▶ [EXERCISE REQUIREMENTS]: Restate word for word every entry that appears below, skipping its pictures.

▶ [DATASET ENTRIES]:
------

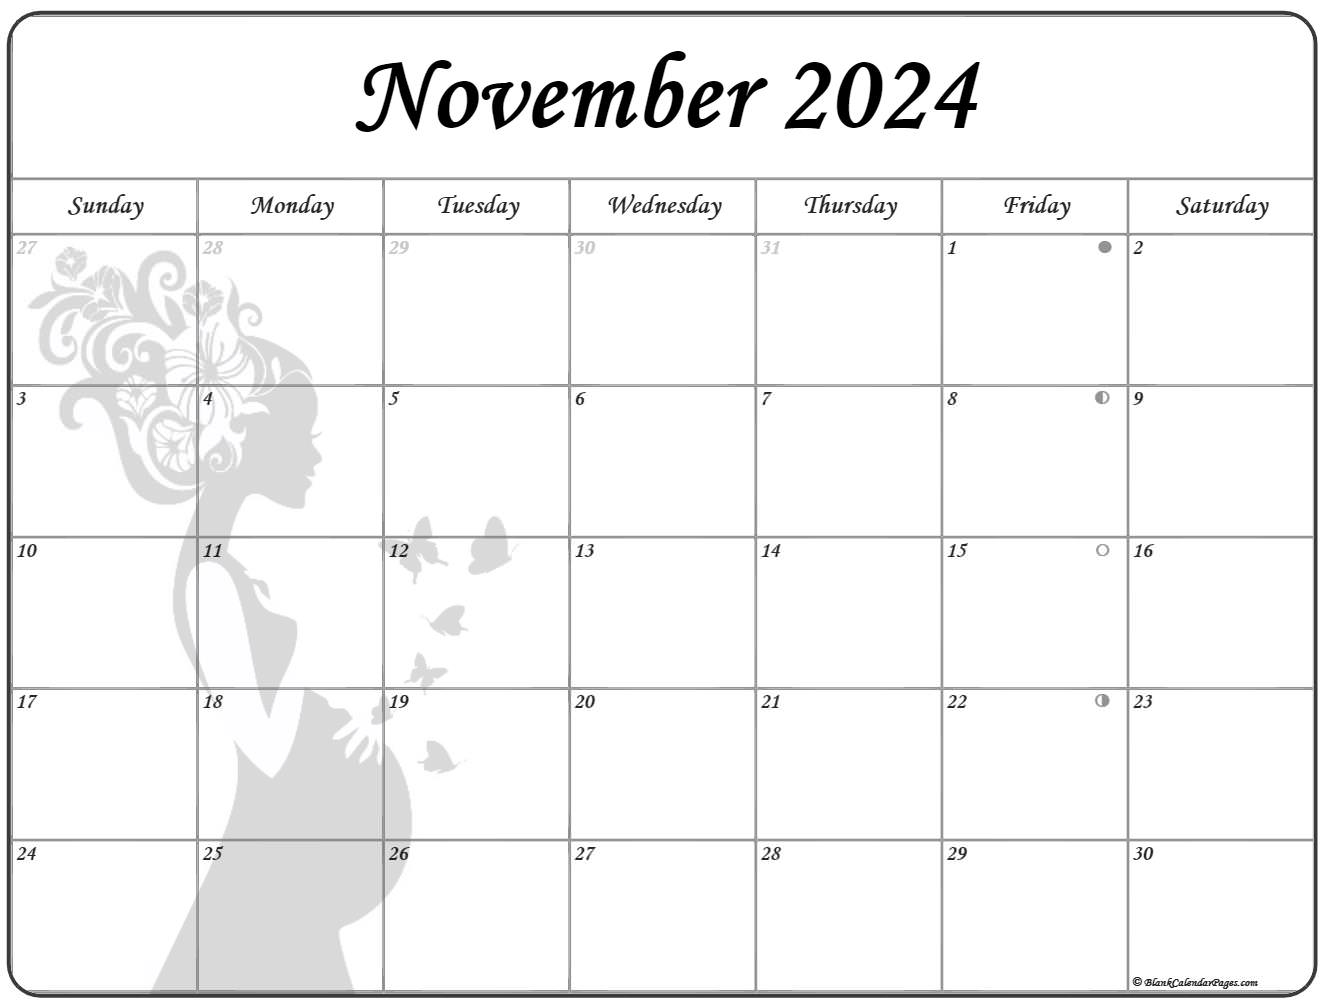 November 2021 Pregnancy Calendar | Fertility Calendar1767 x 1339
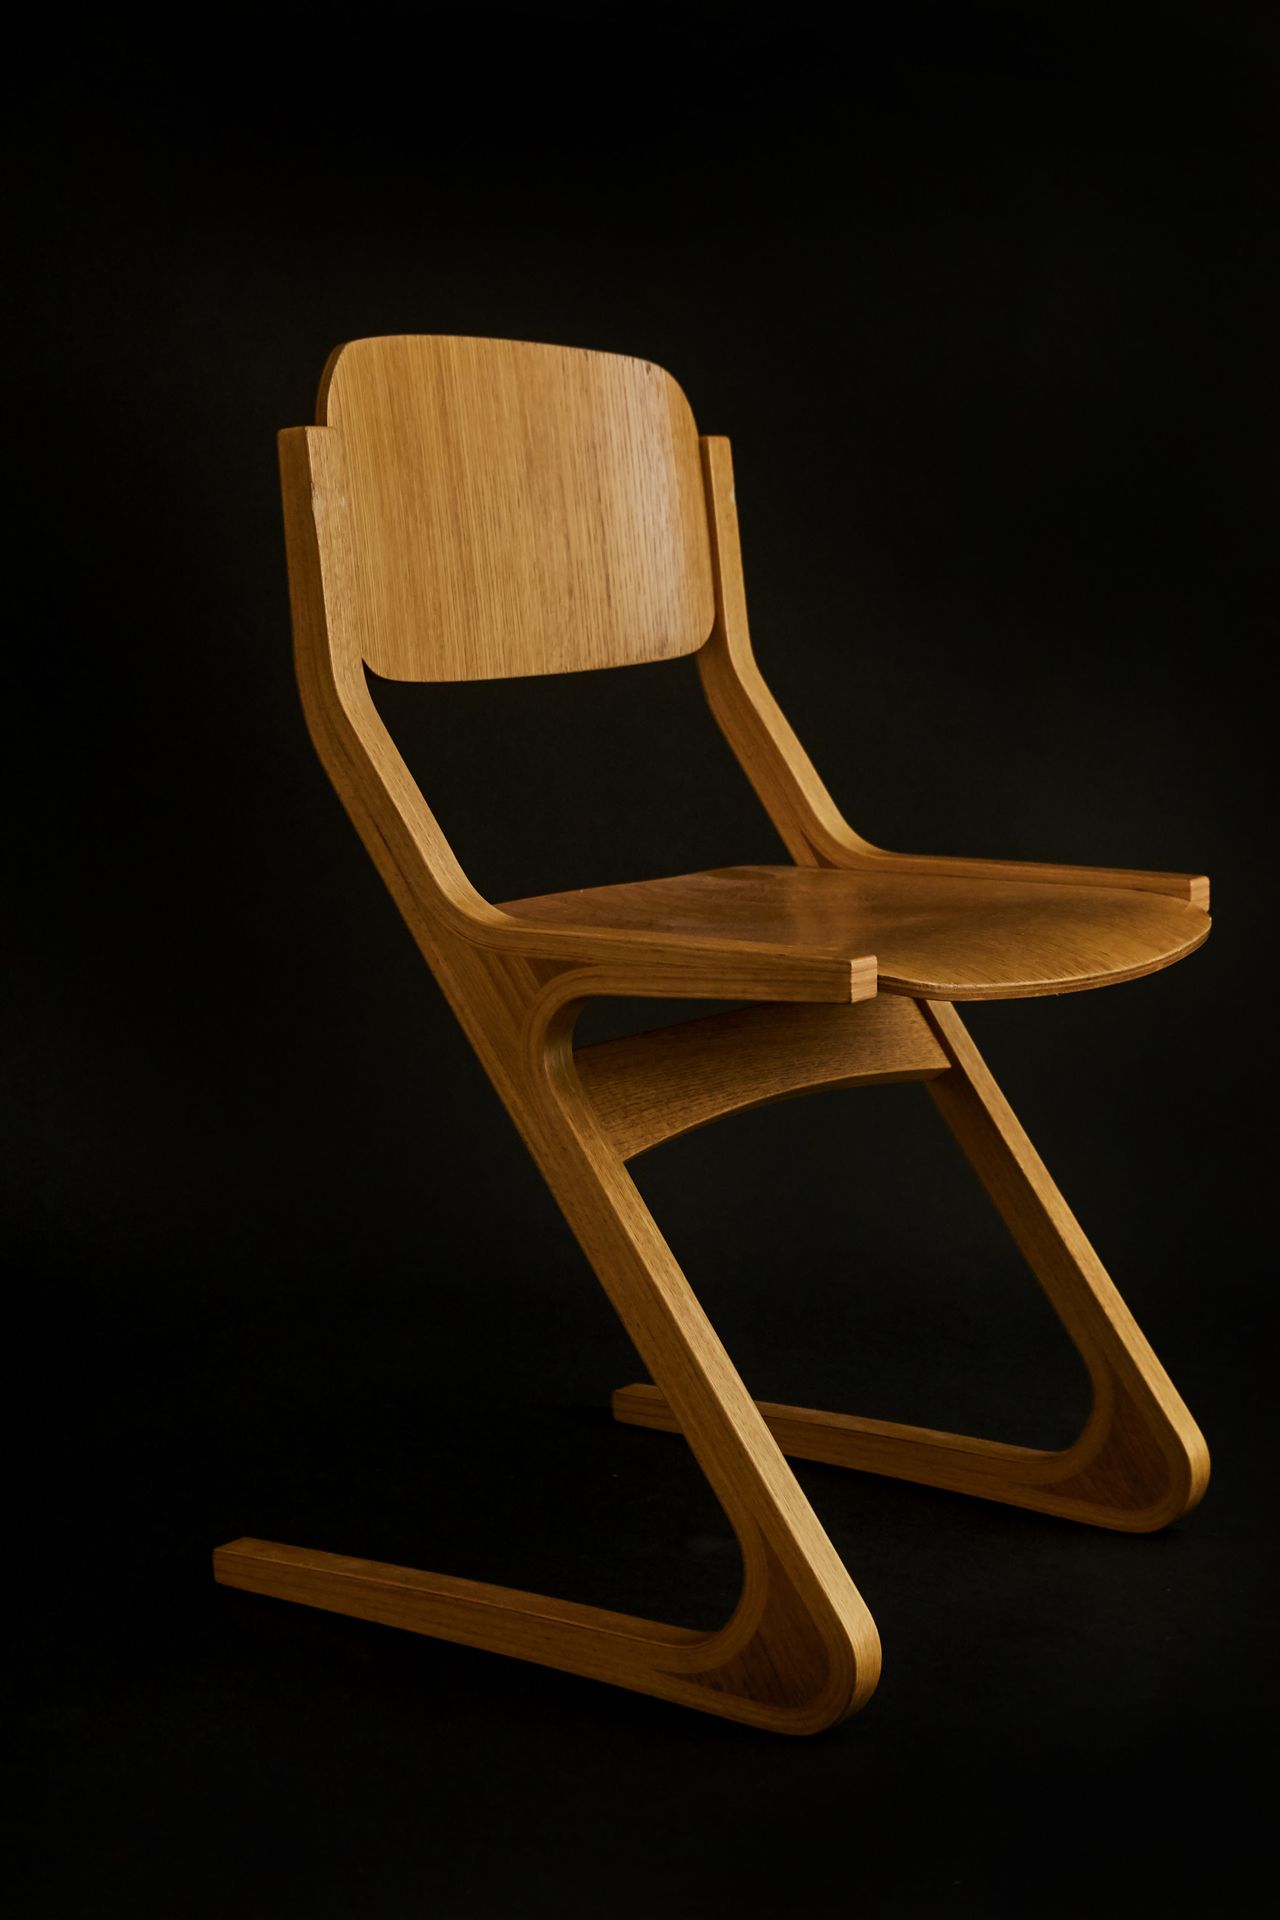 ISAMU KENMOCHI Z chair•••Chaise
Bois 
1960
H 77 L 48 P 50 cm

------

▶ [OUTPUT FOR THIS EXERCISE]:
 November 2021 Pregnancy Calendar | Fertility Calendar1767 x 1339
 ISAMU KENMOCHI Z chair•••Chaise
Bois 
1960
H 77 L 48 P 50 cm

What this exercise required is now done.